C- Yasa'nın 10. ve 14. Maddelerinin İkinci Fıkralarının
İncelenmesi
Dava
dilekçesinde 10. madde ile insan sağlığı üzerinde zararlı bir etkinin olması
ihtimalinin belirmesi ve bilimsel belirsizliklerin sürmesi gibi özel durumlarda
uygulanacağı belirtilen ihtiyati tedbirlerle ilgili usul ve esasların
yönetmeliğe bırakıldığı, 14. madde ile de hangi hâllerin acil durum sayılacağı
ve bu durumlarda alınacağı açıklanan gerekli tedbirlerin neler olduğuna ilişkin
hiçbir düzenlemenin yapılmadığı gerekçesiyle Anayasa'nın 2., 6., 7., 8., 11. ve
38. maddelerine aykırı olduğu ileri sürülmüştür.
5179
sayılı Yasa'nın "İhtiyati tedbirler" başlıklı 10. maddesinin ilk
fıkrasında, insan sağlığı üzerinde zararlı bir etkinin olması ihtimalinin
belirmesi ve bilimsel belirsizliklerin sürmesi gibi özel durumlarda, kapsamlı
bir risk değerlendirmesine imkân sağlayacak ileri düzeyde bilimsel veriler elde
edilinceye kadar, geçici risk yönetimi tedbirlerine başvurulabileceği hüküm
altına alınmış, dava konusu ikinci fıkrasında ise, ihtiyati tedbirlerle
ilgili usul ve esasların yönetmelikle belirleneceği öngörülmüştür.
Yasa'nın
"Acil durumlar" başlıklı 14. maddesinin birinci fıkrasında, üretilen
veya ithal edilen gıda maddesinin, zararlı olabileceği ihtimalinin belirmesi
durumunda, söz konusu gıda maddesinin pazara sunumu, kullanımı ve ithalatına
ilişkin gerekli tedbirlerin alınacağı kuralı yer almakta, iptali istenilen
ikinci fıkrada ise, acil durumlarla ilgili usul ve esasların yönetmelikle
belirleneceği hükme bağlanmıştır.
Yasa'nın
9. maddesinin dördüncü fıkrasına ilişkin gerekçeler bu kurallar için de
geçerlidir. Bu nedenle iptal isteminin reddi gerekir.
Fulya
KANTARCIOĞLU, Şevket APALAK ve Zehra Ayla PERKTAŞ bu görüşe katılmamışlardır.
Kuralların
Anayasa'nın 2., 6., 11. ve 38. maddeleriyle ilgisi görülmemiştir.
D-
Yasa'nın 23. Maddesinin Dördüncü Fıkrasının İkinci Tümcesinin İncelenmesi
Dava dilekçesinde, gıda kontrol ve denetim hizmetlerini yapacak
olanların seçiminde dikkate alınacak en önemli kıstasın "nitelikleri"

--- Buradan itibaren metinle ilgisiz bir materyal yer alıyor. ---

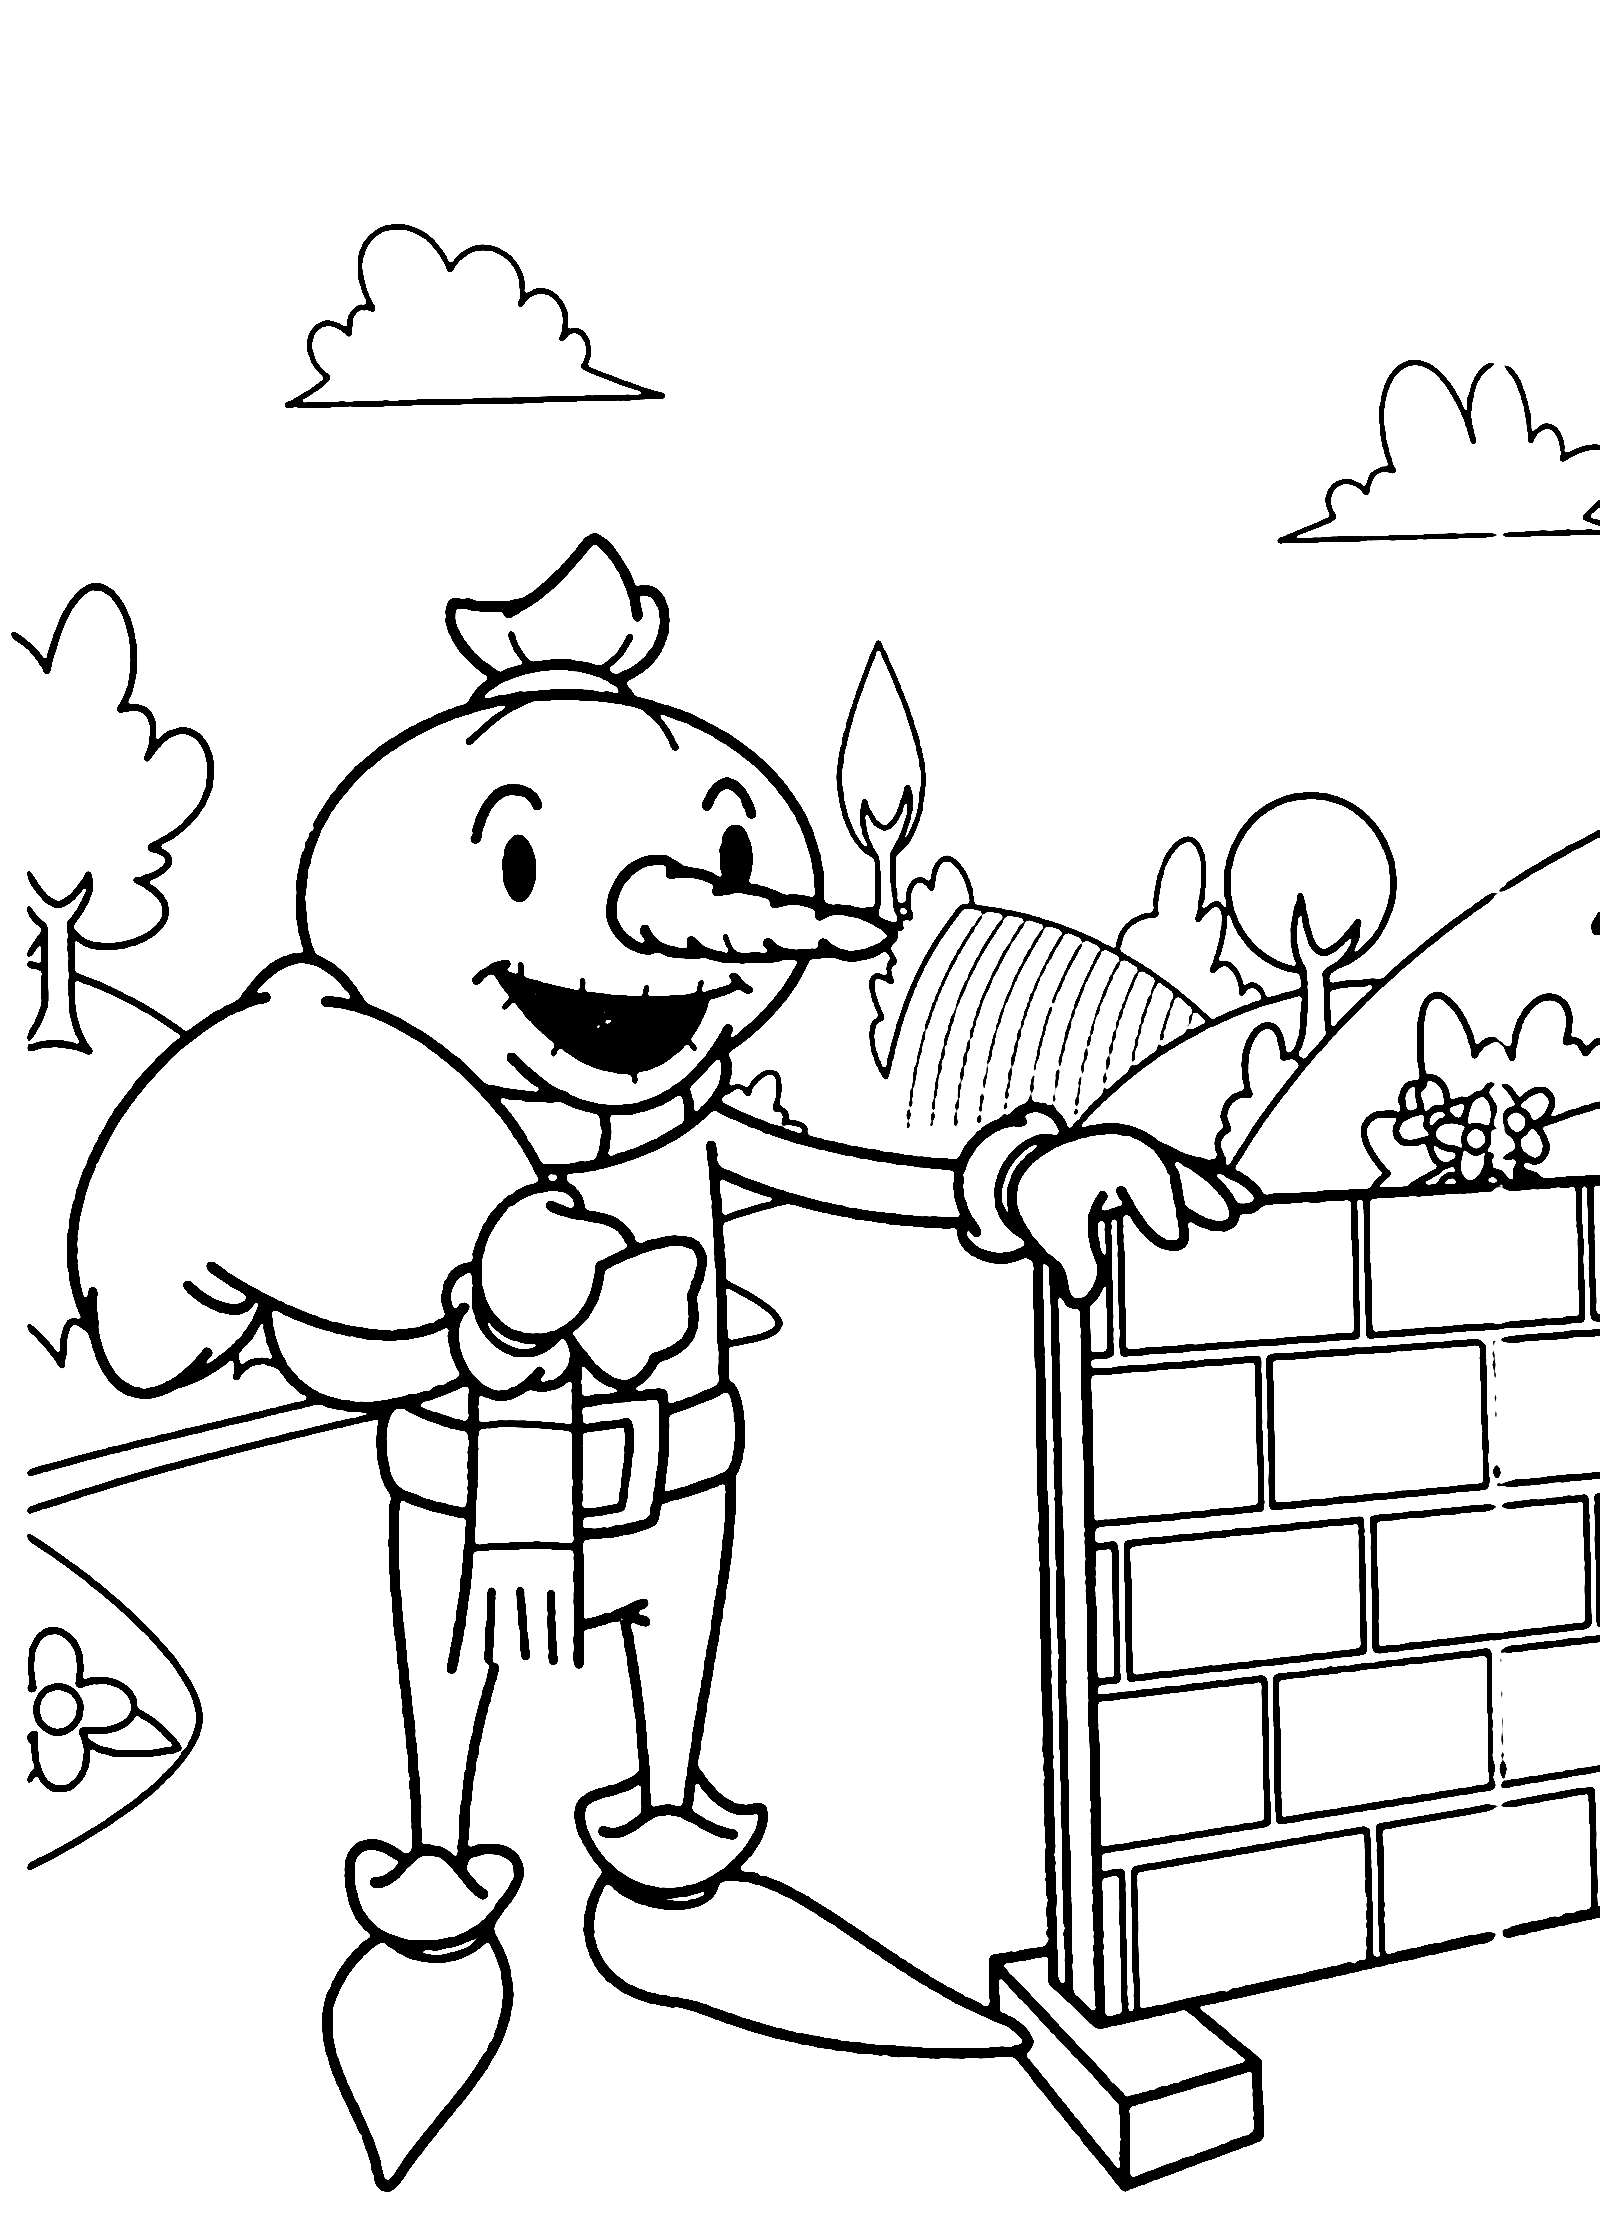 Bob the Builder Funny Scarecrow Coloring Page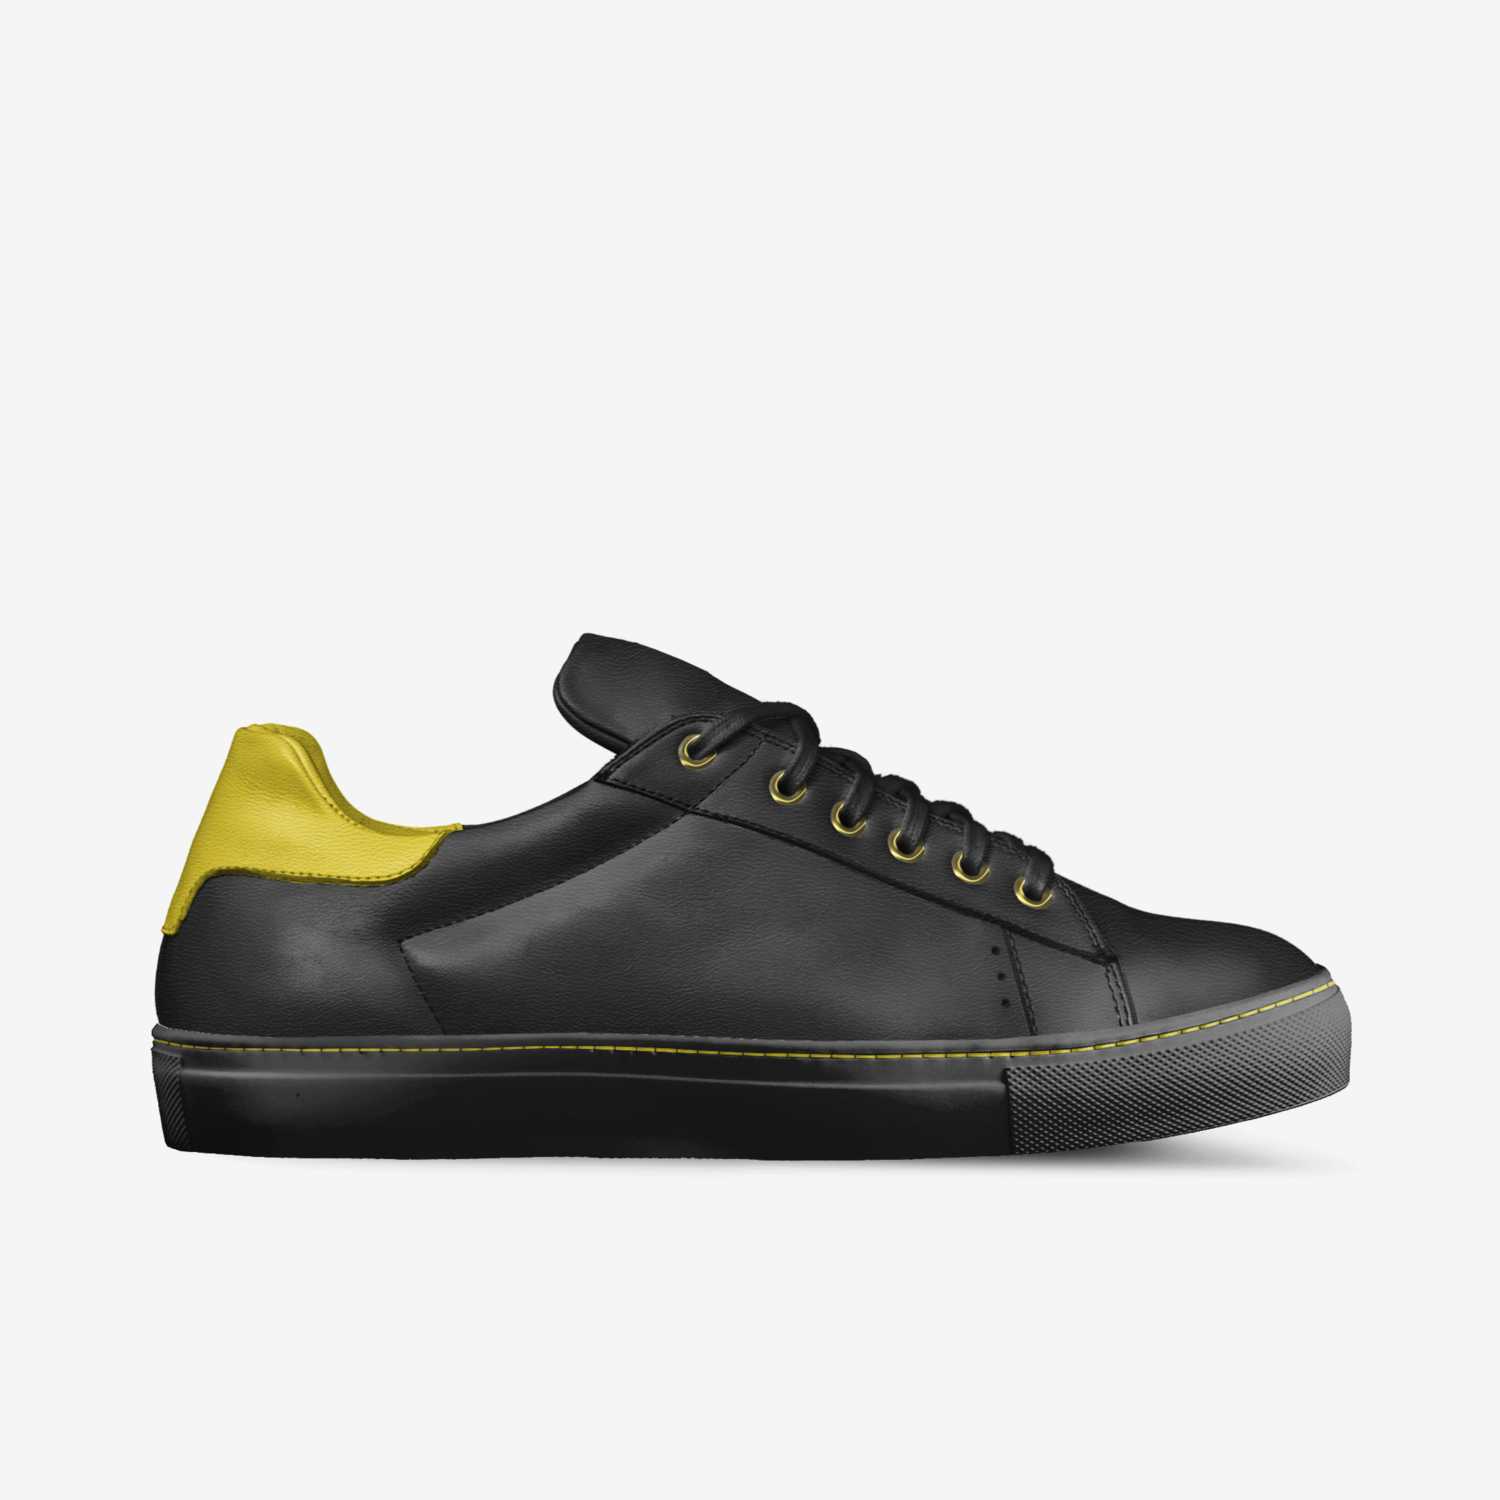 Jefe Gold Standard custom made in Italy shoes by Leonard | Side view

olacağı, nitelikten soyutlanamayacak bir seçime ilişkin usul ve esasların kanunla
düzenlenmeyerek yönetmeliğe bırakılması nedeniyle kuralın Anayasa'nın 2., 6.,
7., 8.,11. ve 128. maddelerine aykırı olduğu ileri sürülmüştür.
Maddenin son fıkrasının iptali istenilen ikinci tümcesi, "Bu Kanun
kapsamındaki gıda kontrol ve denetim hizmetlerini yapacak olanların seçimi ve
yetiştirilmesine ilişkin usul ve esaslar yönetmelikle belirlenir" şeklinde
düzenlenmiştir.
Anayasa'nın
128. maddesinde, "Devletin, kamu iktisadî teşebbüsleri ve diğer kamu
tüzelkişilerinin genel idare esaslarına göre yürütmekle yükümlü oldukları kamu
hizmetlerinin gerektirdiği aslî ve sürekli görevler, memurlar ve diğer kamu
görevlileri eliyle görülür.
Memurların ve diğer kamu görevlilerinin nitelikleri, atanmaları,
görev ve yetkileri, hakları ve yükümlülükleri, aylık ve ödenekleri ve diğer
özlük işleri kanunla düzenlenir.
Üst kademe yöneticilerinin yetiştirilme usul ve esasları, kanunla
özel olarak düzenlenir." denilmektedir.
İptali istenen tümcede yer alan gıda kontrol ve denetim
hizmetlerini yapacak personelin 5179 sayılı Yasa gereğince
yapacakları denetimlerin, Devletin, genel idare esaslarına göre yürütmekle
yükümlü olduğu kamu hizmetlerinin gerektirdiği asli ve sürekli görevlerden
olması nedeniyle ancak memurlar ve diğer kamu görevlileri eliyle yerine getirileceği
ve denetim elemanlarının da bu kapsamda bulunduğu açıktır. Kaldı ki maddenin
üçüncü fıkrasında gıda kontrol ve denetim hizmetinin, 657 sayılı Devlet
Memurları Kanunu'na tabi en az lisans düzeyinde eğitim almış personel
tarafından yapılacağı belirtilmektedir.
Bu durumda, 5179 sayılı Yasa'nın 23. maddesinin dördüncü
fıkrasının ikinci tümcesinde yer alan kontrol ve denetim hizmetini yapacak personelin,
hangi alanlardaki lisans mezunlarından olacakları, nitelikleri, seçilme
usulleri, tabi olacakları sınavlar, yeterliliklerinin belirlenmesini içeren
seçim ve yetiştirilmelerine ilişkin usul ve esasların yasayla düzenlenmesi
gerekirken yönetmelikle belirlenmesi, Anayasa'nın 128. maddesinin ikinci
fıkrasına aykırıdır. Kuralın iptali gerekir.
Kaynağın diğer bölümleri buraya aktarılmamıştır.